Start of Provided material

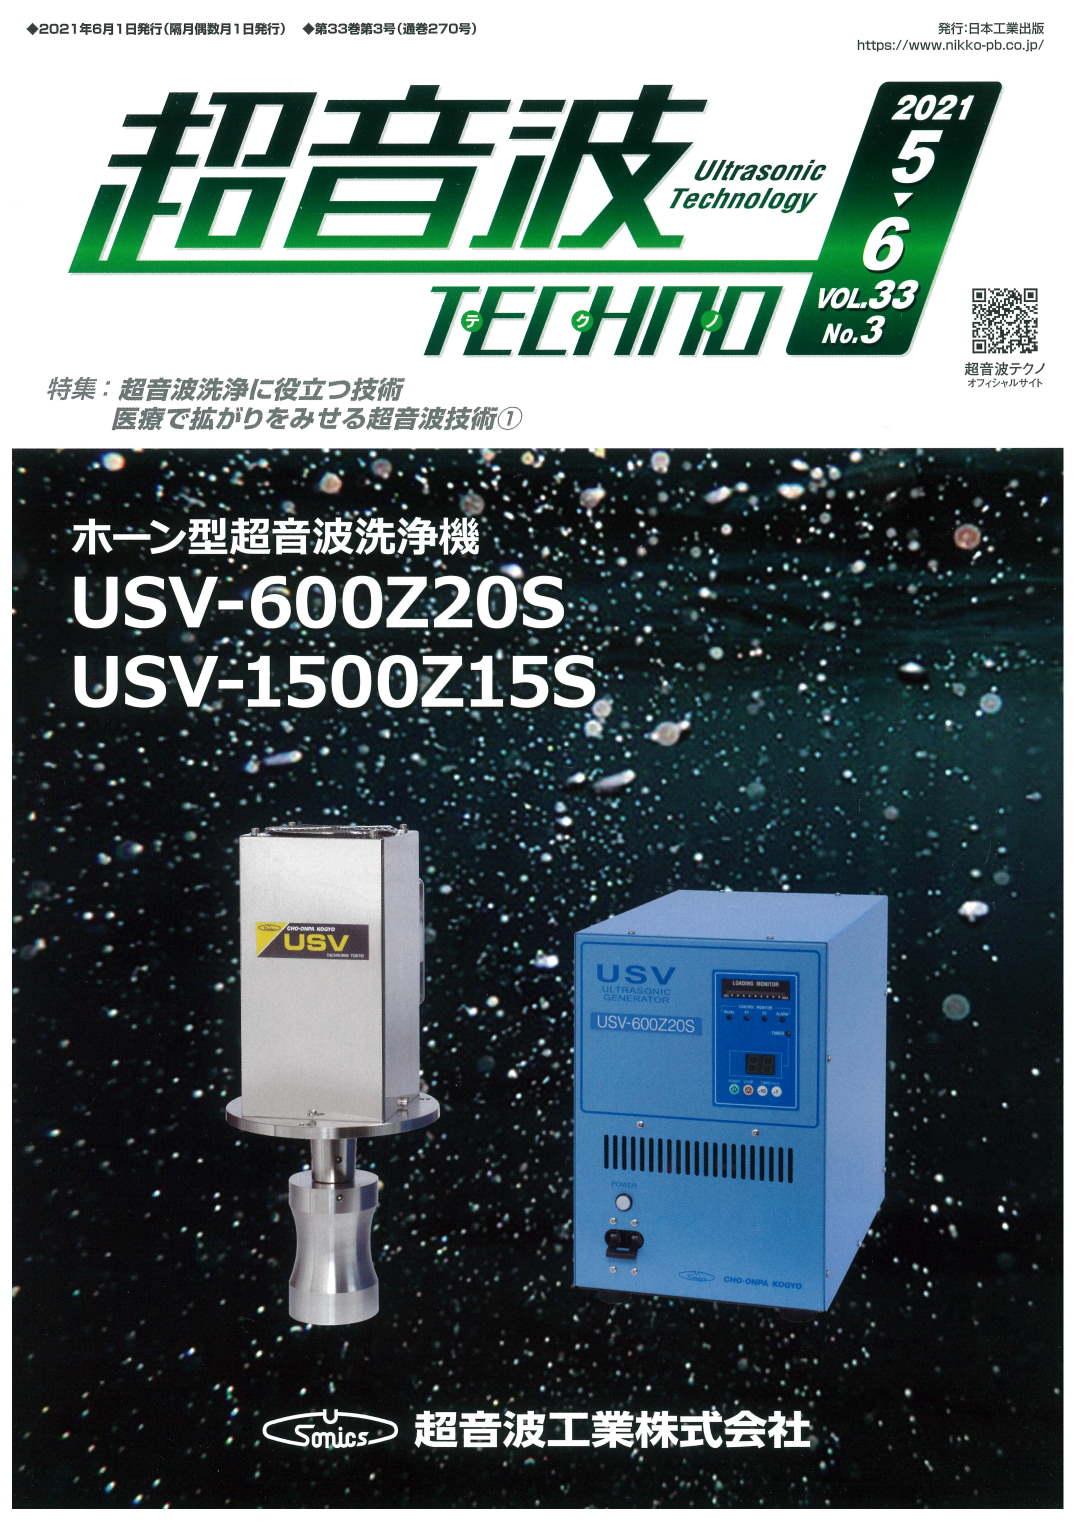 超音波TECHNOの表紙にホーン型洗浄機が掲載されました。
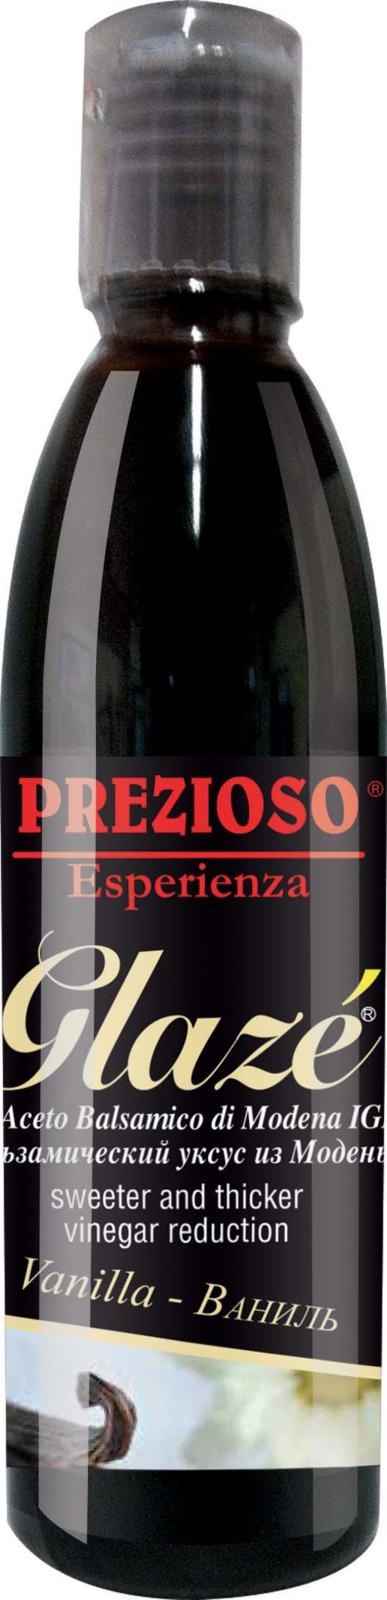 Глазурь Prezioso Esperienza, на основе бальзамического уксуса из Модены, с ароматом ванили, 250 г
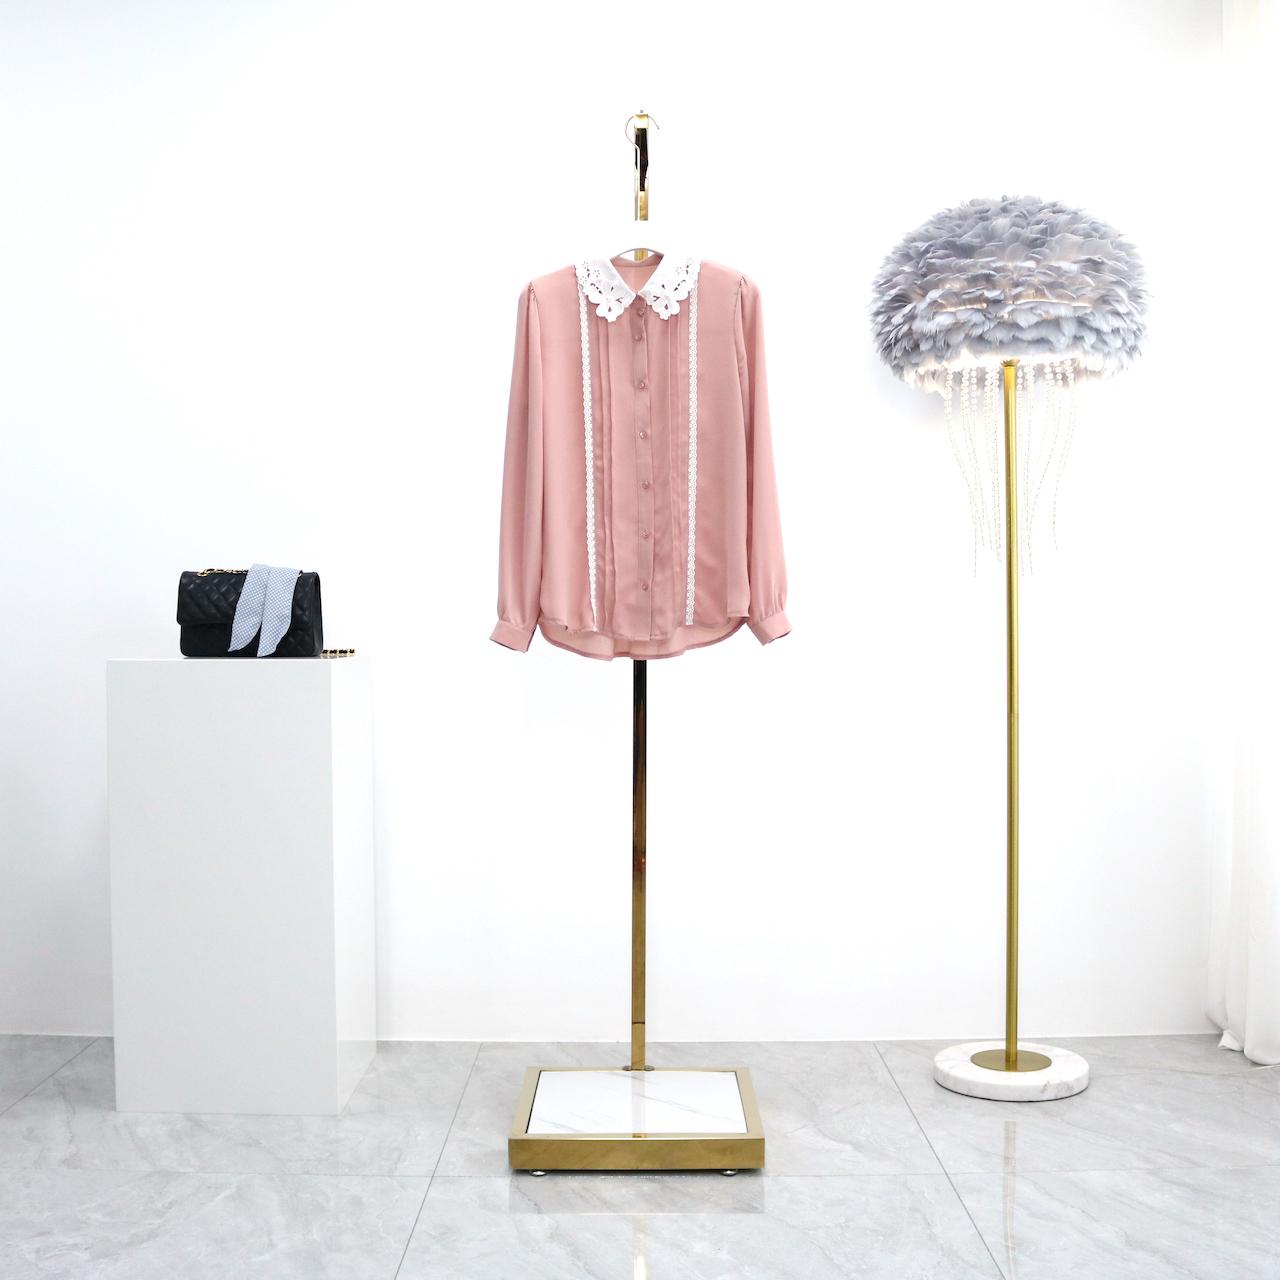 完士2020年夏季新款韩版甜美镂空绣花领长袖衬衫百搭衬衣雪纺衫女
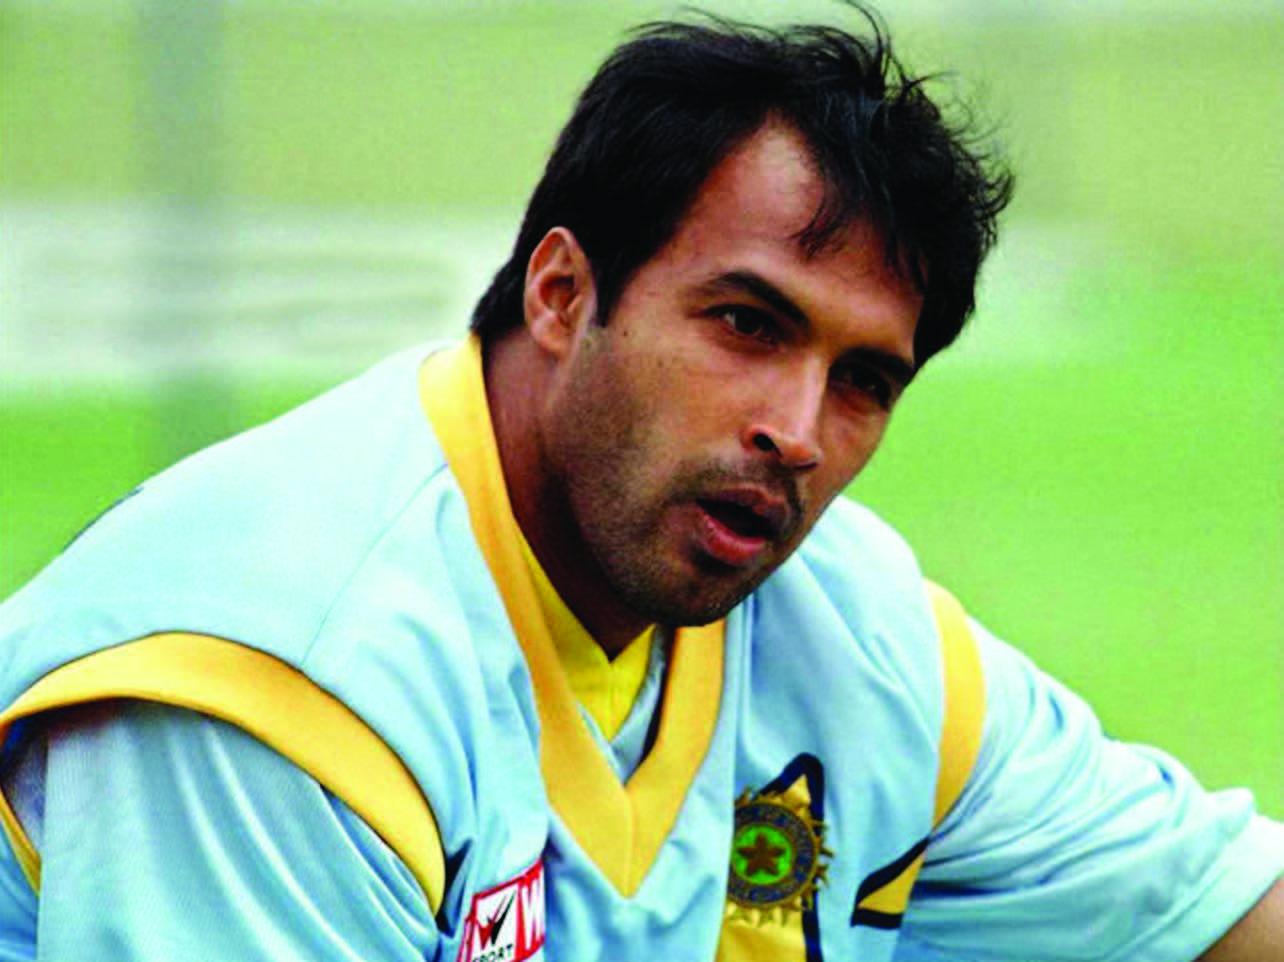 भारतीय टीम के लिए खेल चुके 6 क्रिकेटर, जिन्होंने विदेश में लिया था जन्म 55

End of Provided material

Verbatim output, no pictures: the line holding "完士2020年夏季新款韩版甜美镂空绣花领长袖衬衫百搭衬衣雪纺衫女" and all lines after it through the last line of the material, with nothing else.

 完士2020年夏季新款韩版甜美镂空绣花领长袖衬衫百搭衬衣雪纺衫女
 भारतीय टीम के लिए खेल चुके 6 क्रिकेटर, जिन्होंने विदेश में लिया था जन्म 55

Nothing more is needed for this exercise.